I do not get this car, and I don't get where Audi is coming from sometimes. Yes, it's great to see them keep trying with selling wagon in the US, but sometimes, watching AoA product planning it's like watching a lower primate attempting to fornicate with a hard shelled tropical fruit.

Where the allroad should be a good idea, but once again, Audi makes product decisions in a vacuum. Consider that this car is on'y available with the 2.0T engine and only available with that miserable tiptronic transmission, essentially *making it a mechanical clone of the THREE THOUSAND DOLLAR CHEAPER Q5.* 

I love wagons, possibl to the point of irrational behavior, but I would have a hard time buying this car over an otherwise mechanically identical vehicle. "Gee that allroad is nice, but this Q5 sure is cheaper, and it drives the same!"

I'm also sick of hearing about how the 2.0T is "a great match" for this car. I don't want a "great match", I want a great engine. I want something that's faster than the Q5, handles better, has more power, and has a proper transmission and gets appreciably better fuel economy. A proper transmission has a third pedal, but in lieu of that, Audi could have at least put an S-tronic in the car to differentiate it on at least one level from the the cars on its own showroom floor. 

This car should have come with the 272 hp 3.0T and S-tronic transmission that everyone else in the world gets. As it sits right now, the car is a non-starter. It's not a competitve alternative to an SUV, even against other entries on the Audi lot, and people who want wagons will continue to walk away from Audi and over the the Benz and BMW lots where wagons can be had with more pwoer and a sporting transmission. Those with good financial sense who are also immune to ugly cars will contiune to go to the Subaru lots.


----------



## zuma (Jul 30, 2006)

I have been watching the discussion re the 2013 allroad for the past few months. As a previous allroad owner as well as a current A4 Avant I am also keen to see the allroad here. I understand peoples frustration with the model choice BUT why oh why do i keep on seeing people asking for the 3.0T engine in the allroad when not even GERMANY gets that choice?? The 3.0TDi is the more likely option but is probably too expensive to make it an option for NA where wagons continue to struggle. We should be thankful we are seeing any form of allroad again. Maybe this is a baby step in the right direction 

Thank you Audi for bringing the allroad back. Now please get me a better dealership option available where I live!


----------



## TREGinginCO (Jan 4, 2004)

FractureCritical said:


> I'm also sick of hearing about how the 2.0T is "a great match" for this car. I don't want a "great match", I want a great engine. I want something that's faster than the Q5, handles better, has more power, and has a proper transmission and gets appreciably better fuel economy.
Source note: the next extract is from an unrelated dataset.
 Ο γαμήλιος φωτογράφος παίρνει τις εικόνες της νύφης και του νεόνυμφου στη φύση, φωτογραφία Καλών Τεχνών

Before you trash the 2.0T in the allroad --- you really need to drive it. The allroad likely will handle better than the Q5, simply because of a lower center of gravity. As for gas mileage --- the allroad is expected to pull low to mid-30's on the highway.


----------



## FractureCritical (Nov 24, 2009)

TREGinginCO said:


> Before you trash the 2.0T in the allroad --- you really need to drive it. The allroad likely will handle better than the Q5, simply because of a lower center of gravity. As for gas mileage --- the allroad is expected to pull low to mid-30's on the highway.
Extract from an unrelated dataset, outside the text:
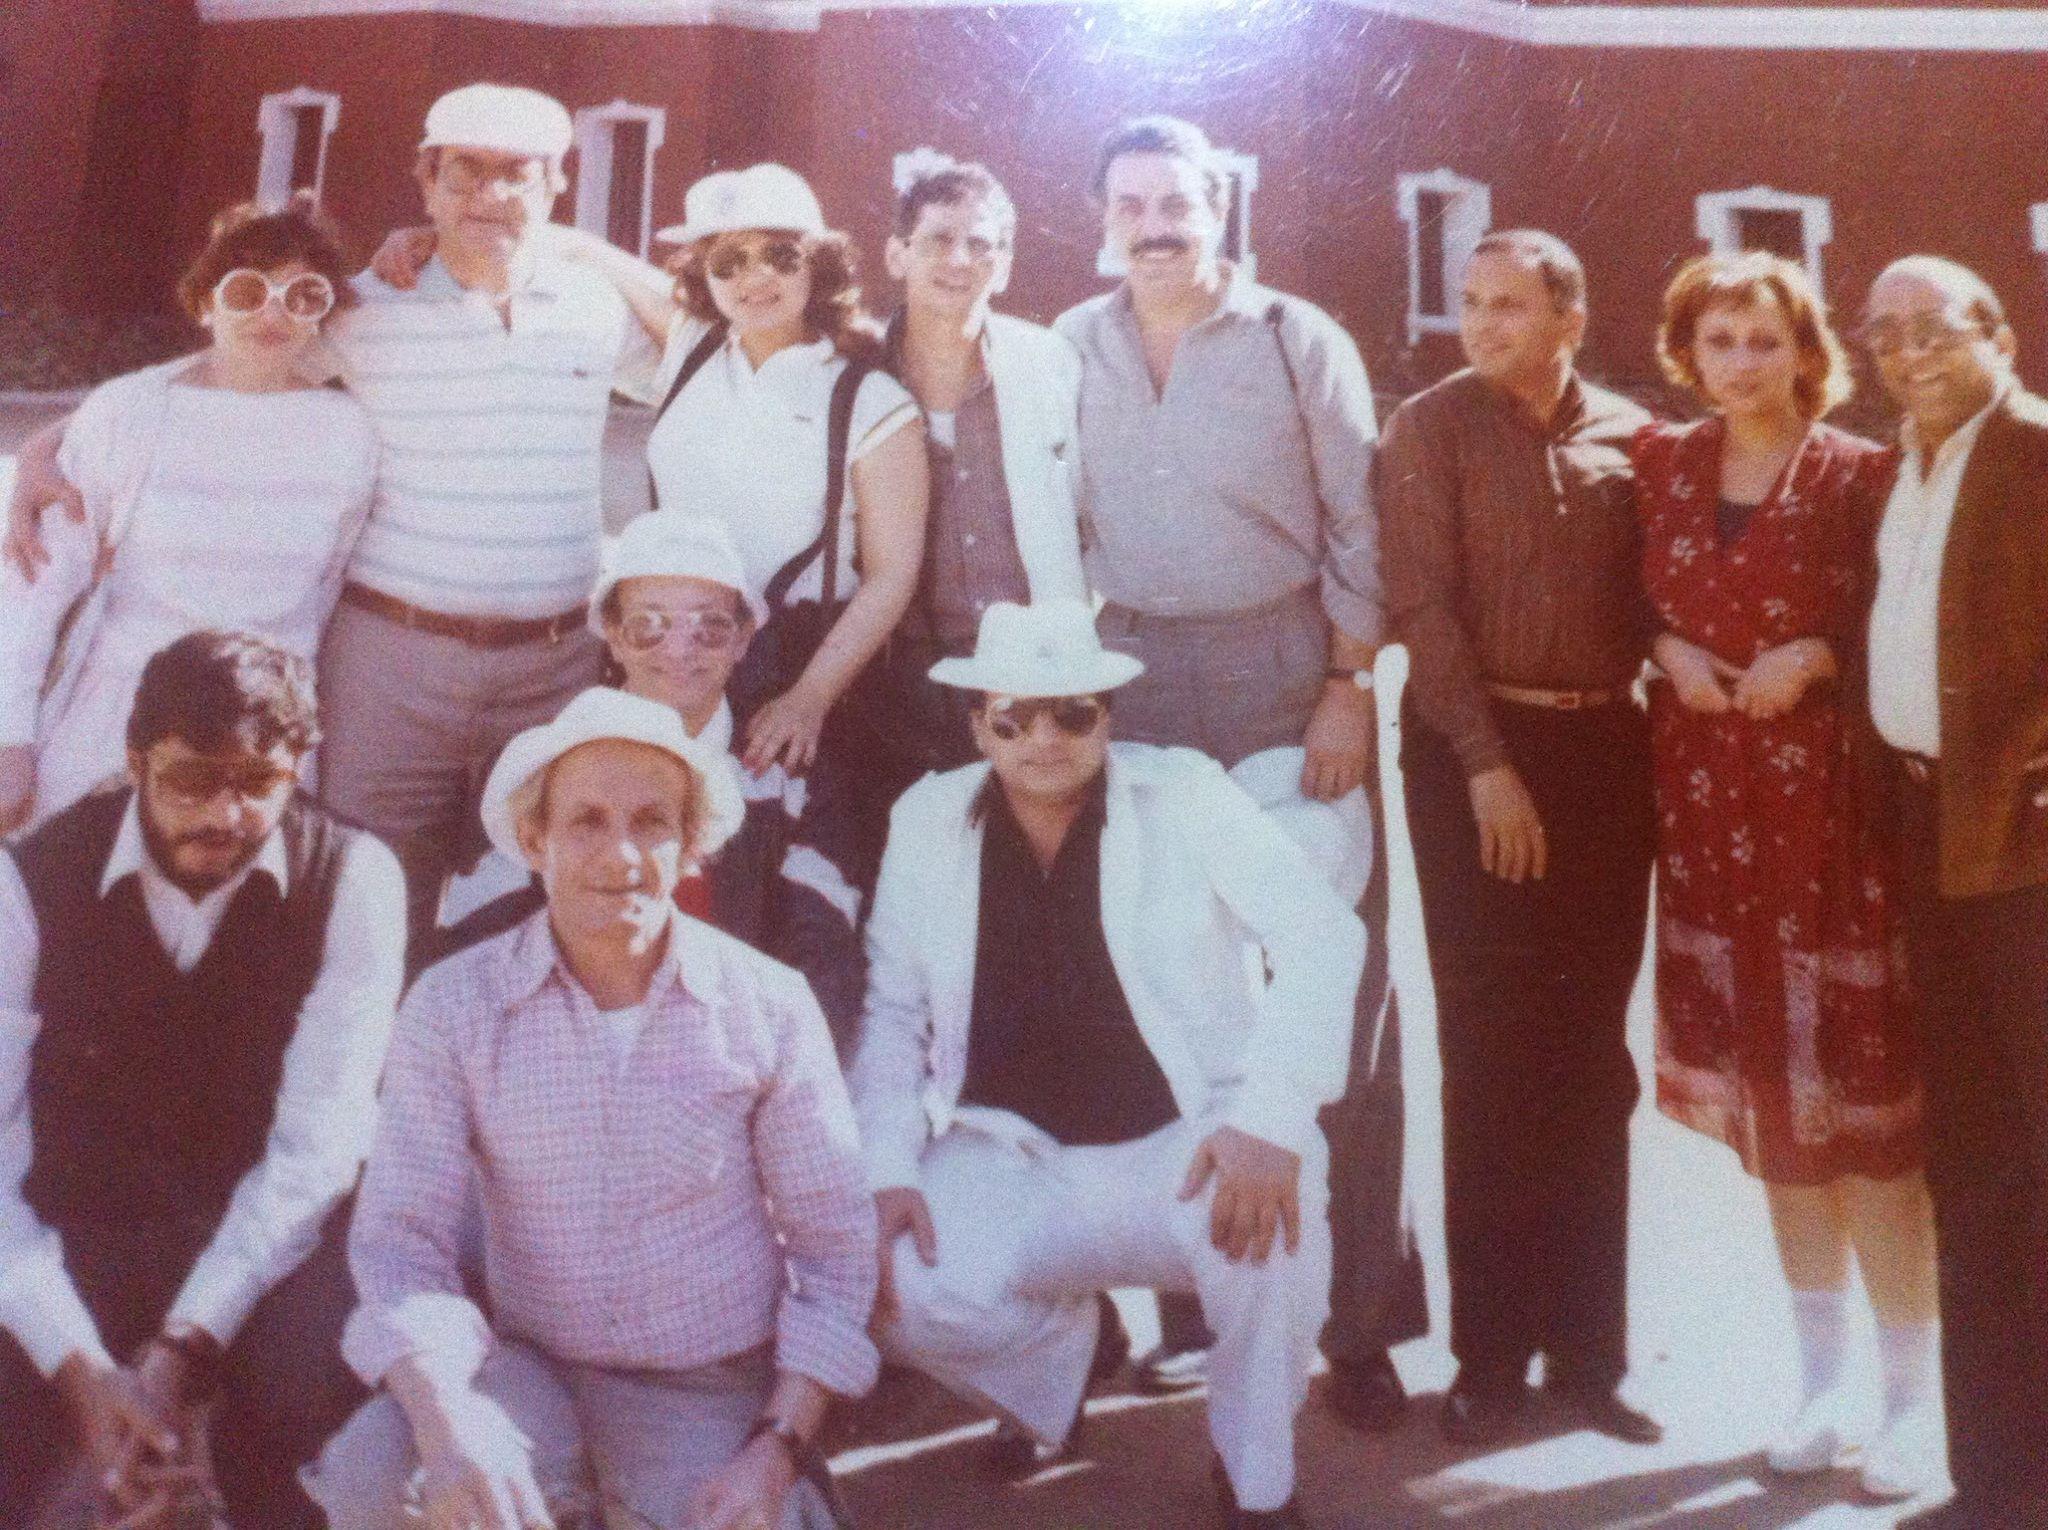 ماجدة خيرالله مع اصدقائها من الوسط الفنى

I have the 2.0T in my current 2011 A4/6 speed manual and I have driven the same motor many times behind a tiptronic for my regular service loaner cars. I have also driven the q5 which only comes with the tiptronic. 
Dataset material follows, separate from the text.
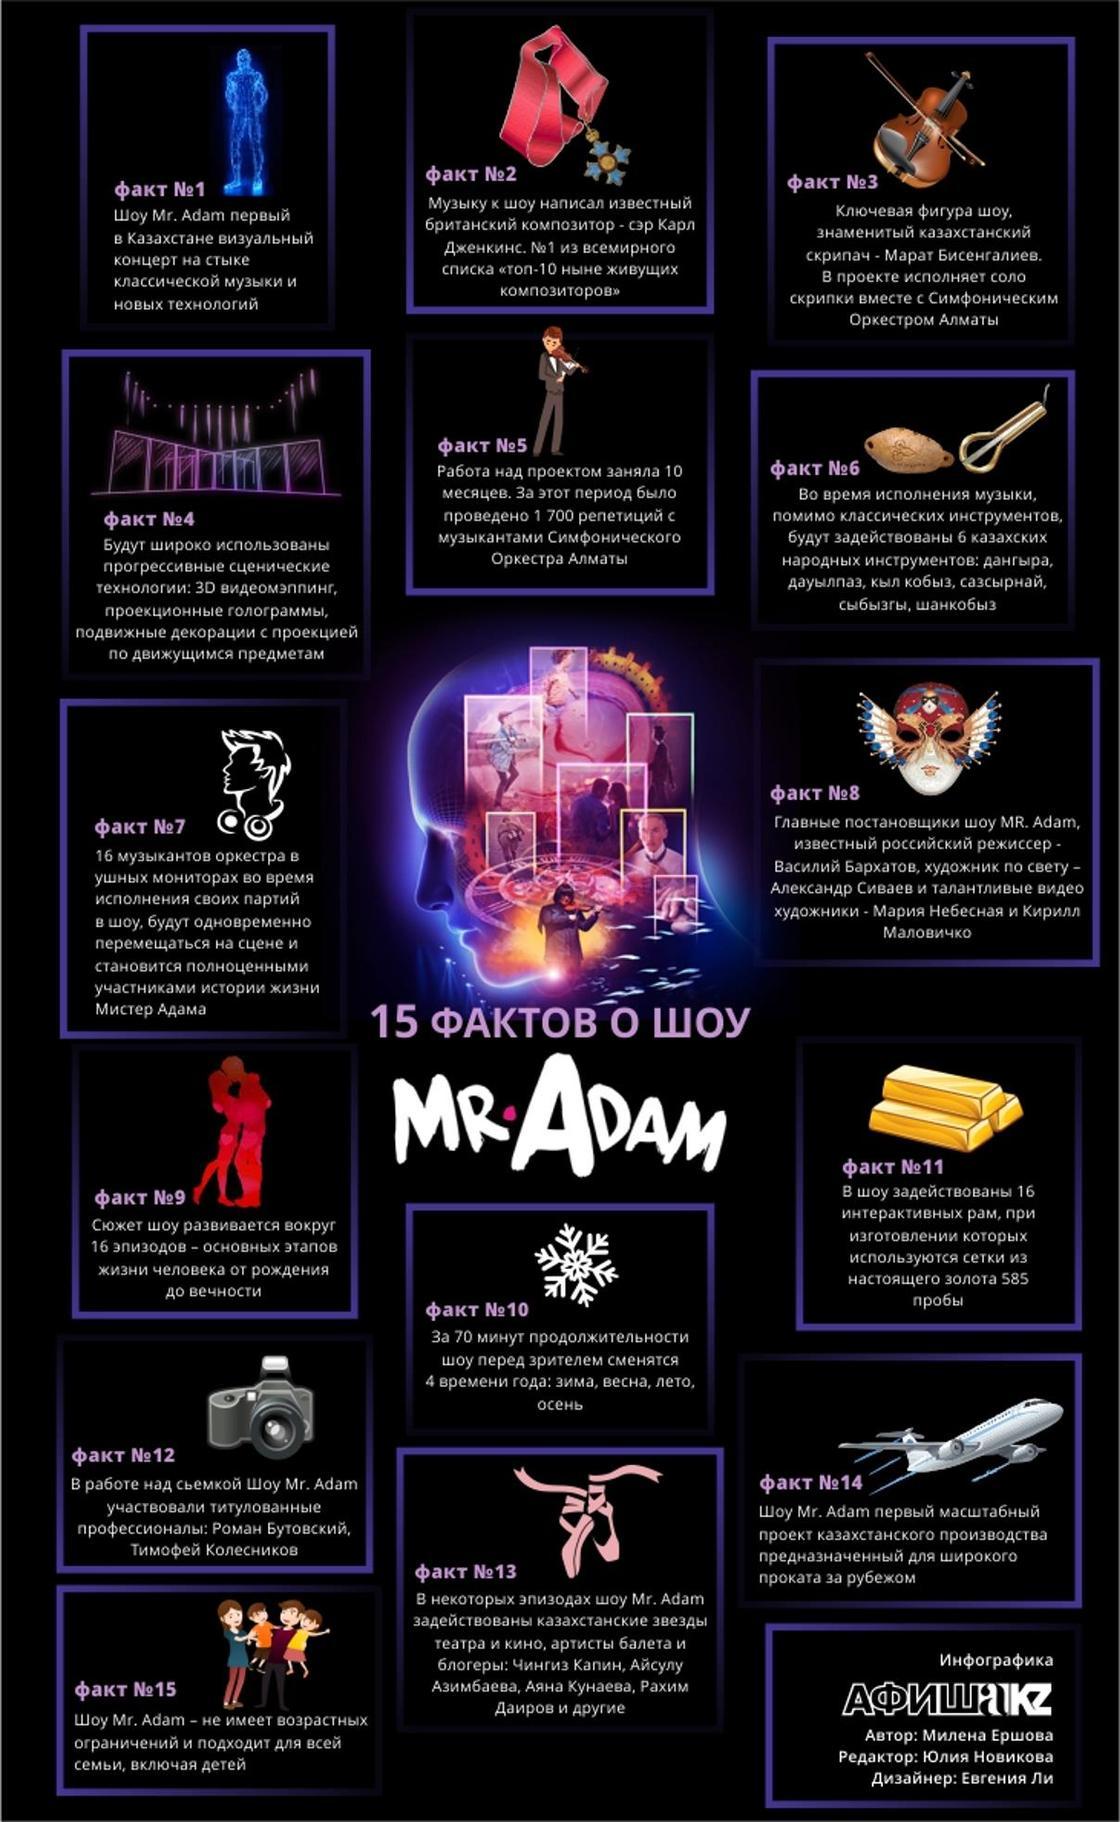 Революция классической музыки - шоу Mr. Adam

I get about 32 on the highway with my A4 and I have gotten as high as 34 on one long straight flat highway trip. I will buy you a burger at 5 guys if the allroad gets mid 30's with all the plastic glued to it and lifted 2 inches on sizable tires. The old avant was stickered at 31 mpg highway, same as my sedan, I doubt the new allroad will be any better. 

so in short, yes, I know the motor and the transmissions and the chassis. the new allroad is not competitive. Audi gave us a half-arse attemt at upping the wagon game, and when it fails, they will shrug and just pull all wagons from the US market.


----------



## OLD-GTI (Jul 19, 2001)

SoSuMi said:


> Audi would be lucky to sell three allroads with sticks in NA. My first Audi was an Avant with a manual and the dealer said that it was the first manual Avant that they had ever sold. Such is life :facepalm:


would they fly off lots...no way. would it be nice to be able to order one...hell yes.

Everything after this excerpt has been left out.